= Beginning of Section =

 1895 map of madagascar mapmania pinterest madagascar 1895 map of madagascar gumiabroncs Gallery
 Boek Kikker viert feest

= End of Section =
= Beginning of Section =

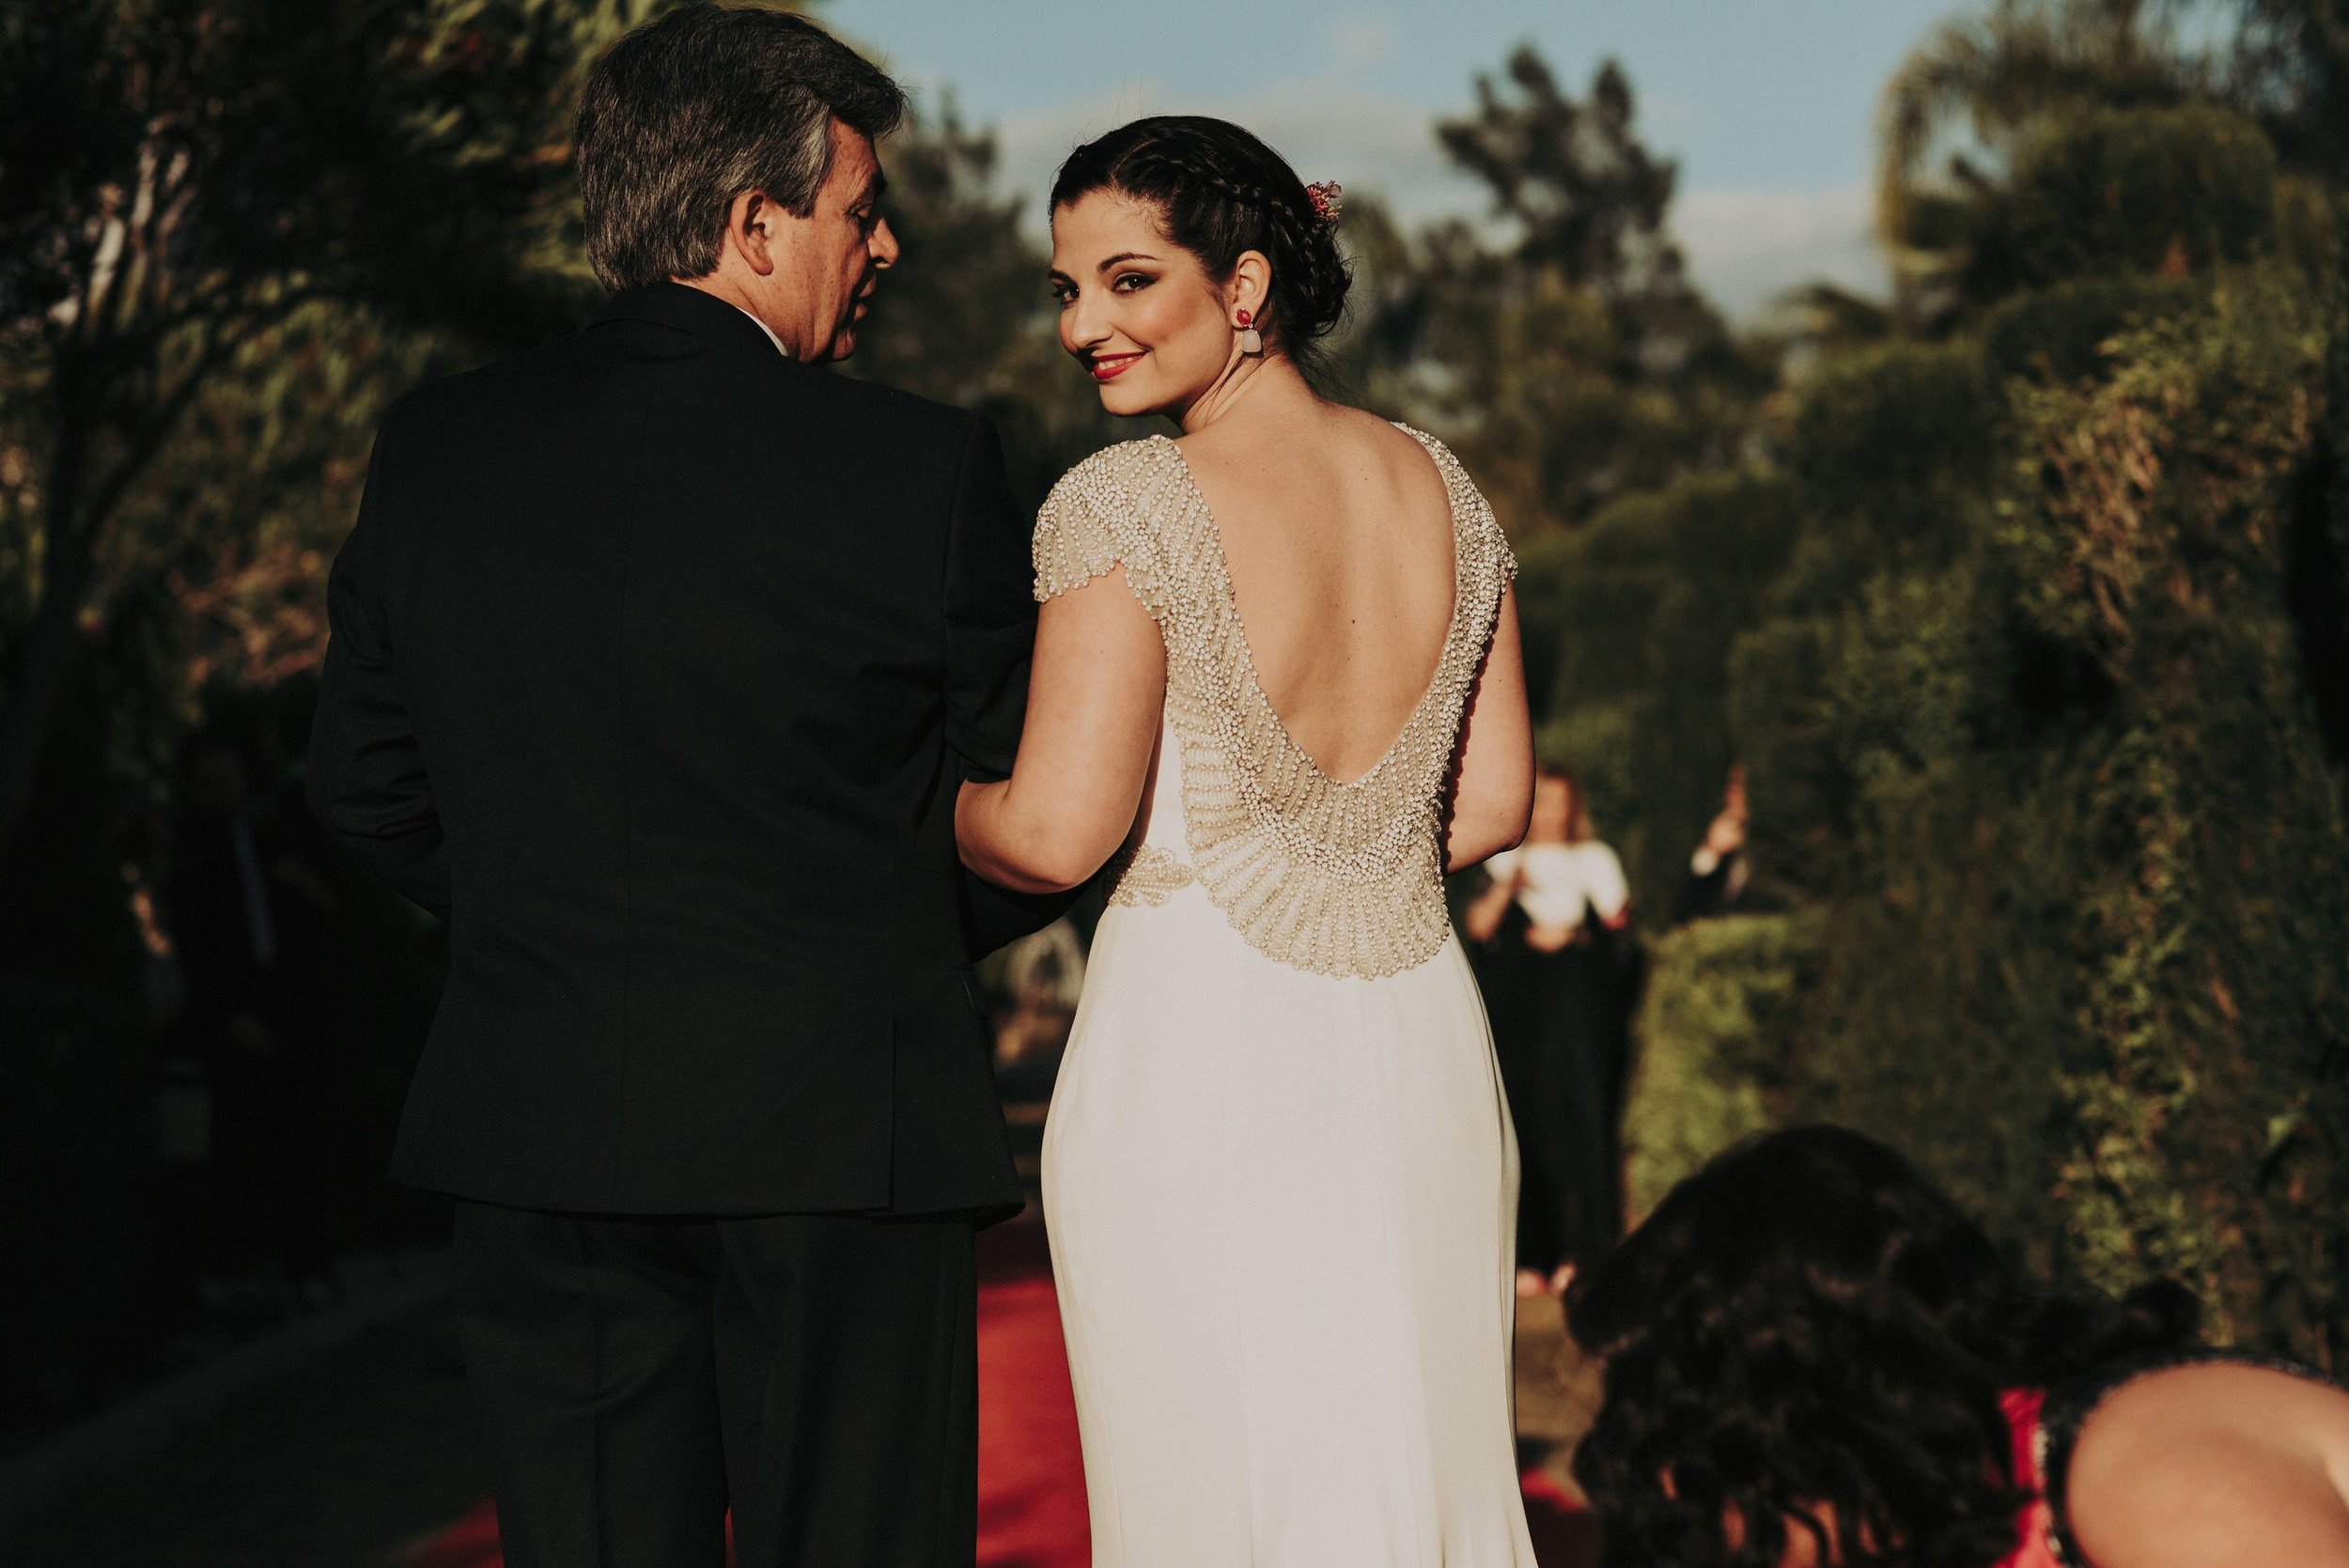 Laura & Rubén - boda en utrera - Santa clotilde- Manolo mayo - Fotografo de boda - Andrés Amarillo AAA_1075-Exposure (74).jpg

= End of Section =
= Beginning of Section =

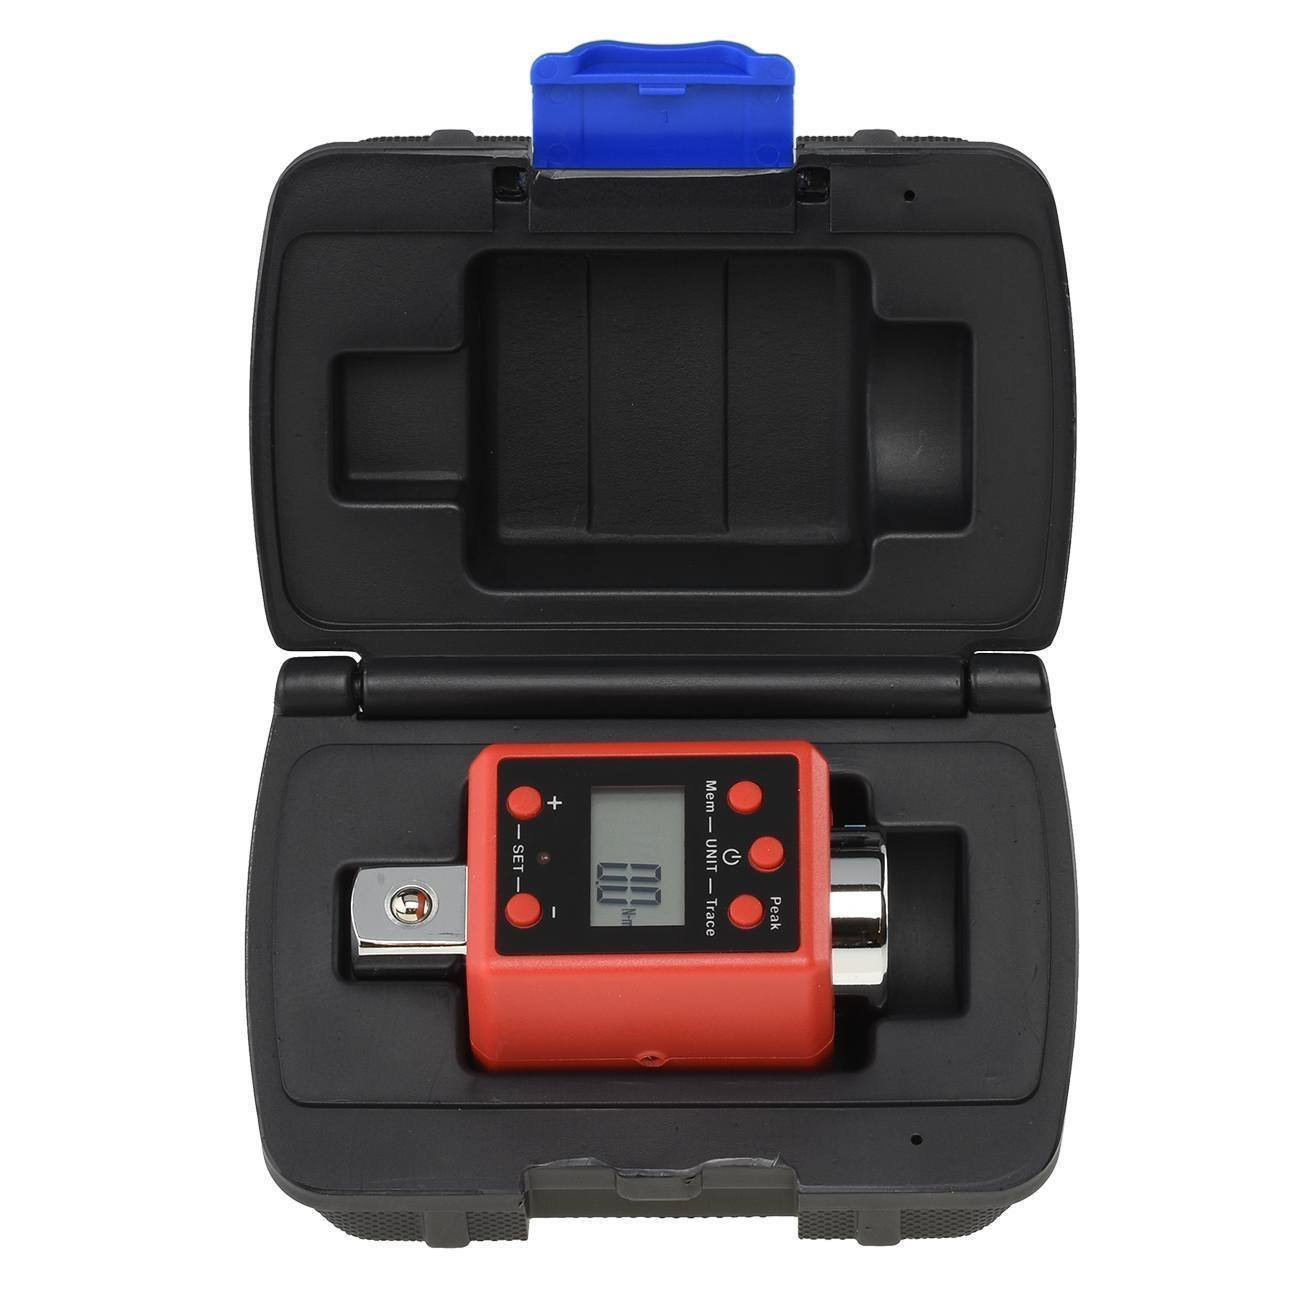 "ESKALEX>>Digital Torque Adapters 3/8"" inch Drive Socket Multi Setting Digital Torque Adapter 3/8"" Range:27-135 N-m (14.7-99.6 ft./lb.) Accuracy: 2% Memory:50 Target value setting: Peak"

= End of Section =

- Activity: Please make an exact copy of the lines above from the line with "1895 map of madagascar mapmania" through the line with "Boek Kikker viert feest", both ends included.

- Solved problem:
 1895 map of madagascar mapmania pinterest madagascar 1895 map of madagascar gumiabroncs Gallery
 Boek Kikker viert feest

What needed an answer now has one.